実質的には僅かな時間に過ぎなかったが、操作の中では永遠に続くかのように思えた。

無意識のうちに鈴花を抜き、相手に斬りかかる。
男はその異様な殺気を即座に感じ取り、鈴花を生身で防いで見せた。

「あぁ? てめぇ何か見覚えがあるな?」

男は鈴花を弾き、空中で無防備な操作を殴り飛ばす。
そして操作を観察する中で操作が腰に差しているもう一本の小刀を見て誰なのかを理解した。

「へぇ〜。 お前...IS(イズ)だろ?」

操作は一瞬表情が強張ったが知らない振りをする。
だが男は僅かな間の表情の変化を見逃さなかった。

「そんな余所余所しい顔してんじゃねぇーよ。 俺のこと覚えてない訳でもねーんだろ?」

操作もそう言われて相手の顔をちゃんと見た。
すると、頬の部分に鉤爪で付けられたかのような印象的な傷が付いていた。
そして操作はその傷からアナコンダ時代の記憶を一気に巻き戻していく。
その中で何度かこの男を目撃していたことを思い出す。


その男はアナコンダで"拷問官"をやっていた。
新米の暗殺者を従順な駒にしつける為にありとあらゆる拷問を実行する非人道的な人間。
その中で命を落とす者も少なくはなかった。
当時の操作はまだ"人の死"に対しての感情が無く、その拷問を何とも思わなかったが、今となっては何故そうだったのかと疑問に思うほど悍ましい記憶だった。

「お前は確か"無名の拷問官"だったな。」

操作は言葉遣いが多少荒くなっている。
それは鈴菜を踏み付けるこの男に対しての圧倒的な殺意によるものだ。
可能なことなら今すぐにでも彼女を助け出し、あの男を微塵切りにしてやりたい気分だった。
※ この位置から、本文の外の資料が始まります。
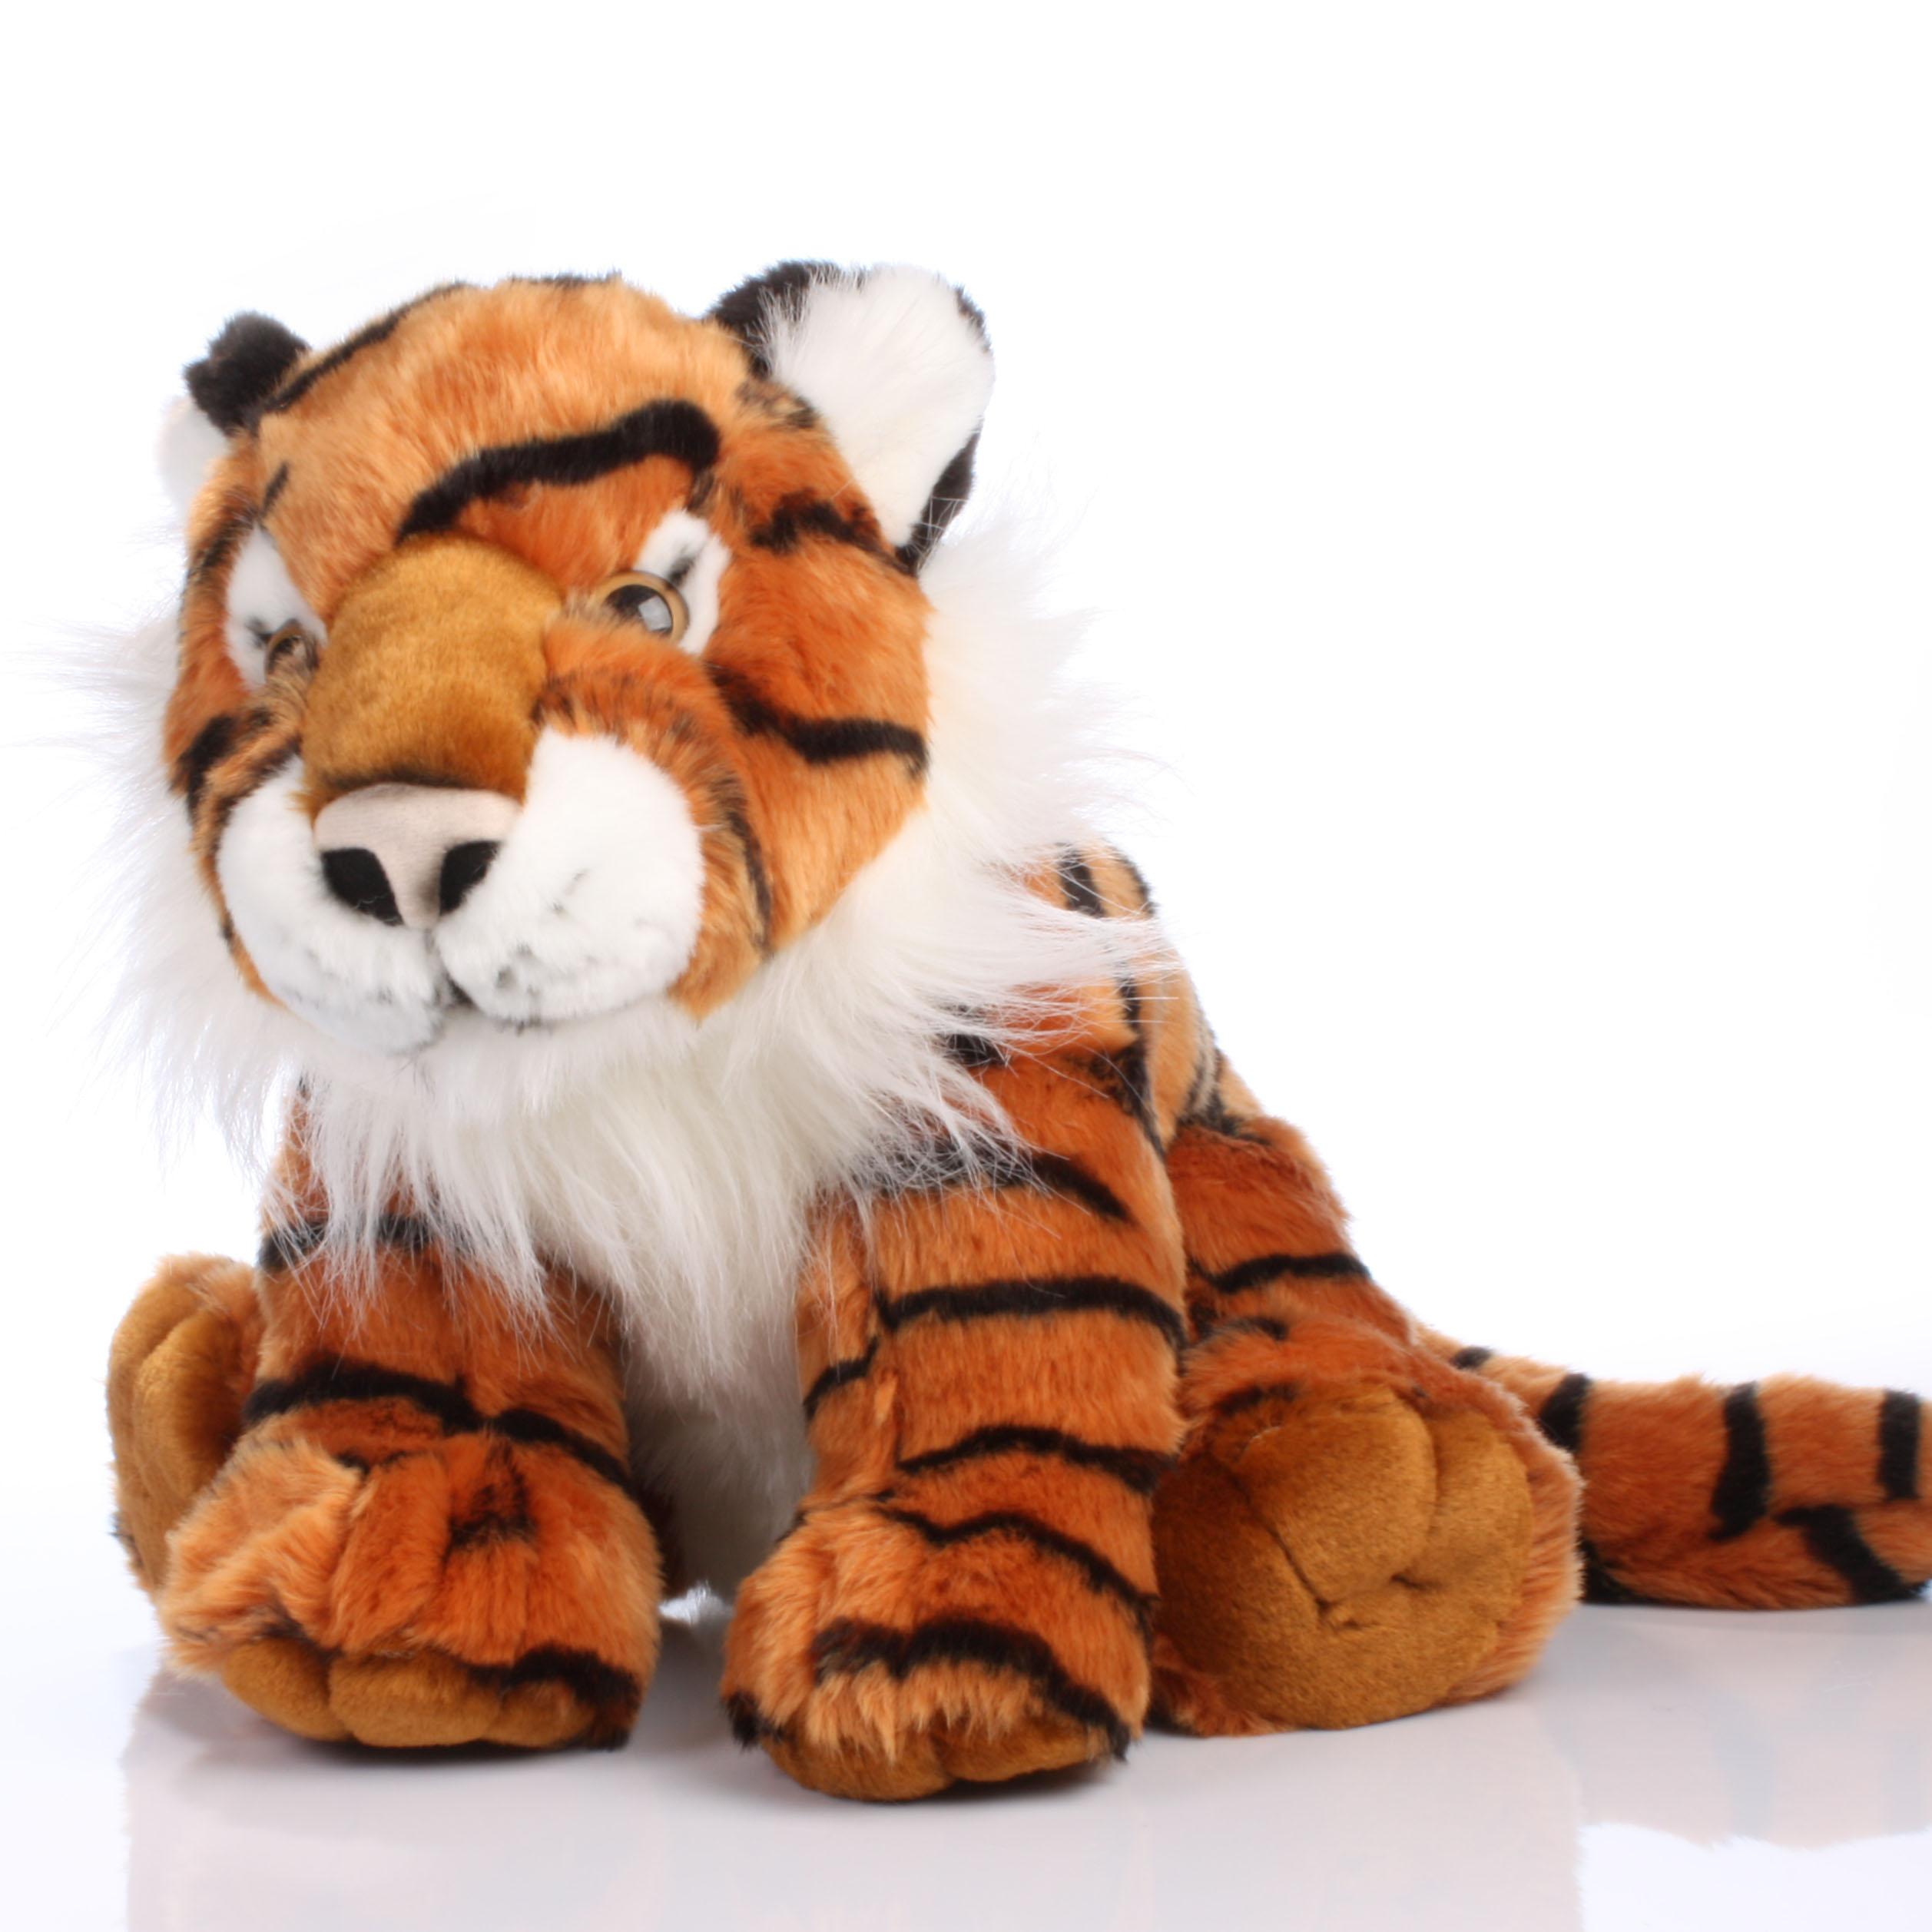 Cuddly Tiger - Cuddly Gifts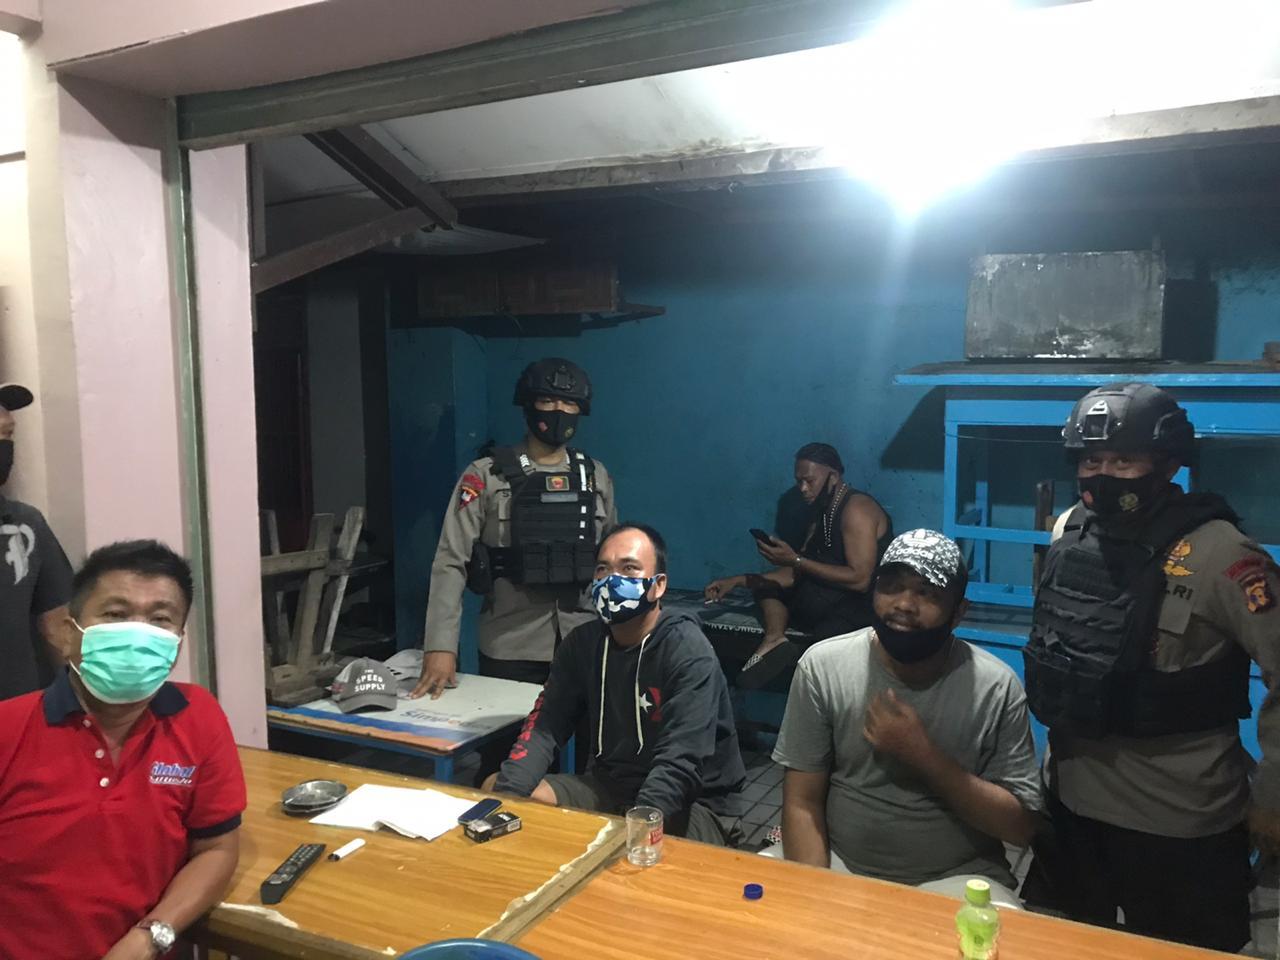 Dialogis Dengan Masyarakat Balikpapan Di Pemukiman, Brimob Batalyon A Pelopor Himbau Patuhi Prokes Dan Terapkan 3M

「あぁ、アナコンダでは暗殺者以外には名前が与えられないからなぁ。 俺はボスに心から忠誠を誓っていたにも関わらず、ボスは俺の顔すら覚えてくれなかった。」

ボスにとっては名前のある暗殺者は自分の息子のようなもので、名前のないこの拷問官など覚えるに値しないものだと考えていた。
だが、そうであってもこの男はボスに対して忠誠を誓っていたのだ。
その心情は多くの人が察せられるものでもない。

「俺は覚えている。 ボスに可愛がられ実の息子以上に大切にされたお前の事を...何処までも報われない俺はそれを求めずとも与えられるお前が憎く、そんな偏見的な愛情を持つボスを憎んだ。」

男はただ認めてもらいたかっただけだった。
自分も息子の一人であるということを。
だが結末は違い、ボスは最期まで自分に名前を与えることはなく、あろう事が最愛の暗殺者である操作の手によって葬られたのだ。
男は今でもその光景をふと思い出す。
まるで本当の親のように優しい言葉を投げ掛けるボスの首を操作が掠めるその瞬間を。

「俺はなぁIS....お前に感謝してるんだよ。」

「感謝?」

操作の顔が歪む。
段々とこの男が人間の革を被った別の生き物のように見えてきたのだ。
口を開く動作ですら身の毛がよだつような不快感を感じるようになる。

「俺はこれまでであんなに人が死ぬ瞬間で興奮したことはなかった。 僅かな希望が一瞬で天に還って行く瞬間、俺はあの時心からゾクゾクした。 あんなに残酷な話があるわけねぇだろ?」

男は息が荒くなっている。
体からほとばしるアドレナリンで体が芯から冷つくような快感に似た感覚を味わっている。
一方の操作は完全に惹いていた。

「この化物め。」

「化物ねぇ...そうかも知んねぇなぁ。 もう人の死を見過ぎて頭が狂っちまってんのかもな...ヒャハハハッ!!」

男は狂ったピエロのような高笑いをすると、スイッチが切り替わったかの如く平常運転になった。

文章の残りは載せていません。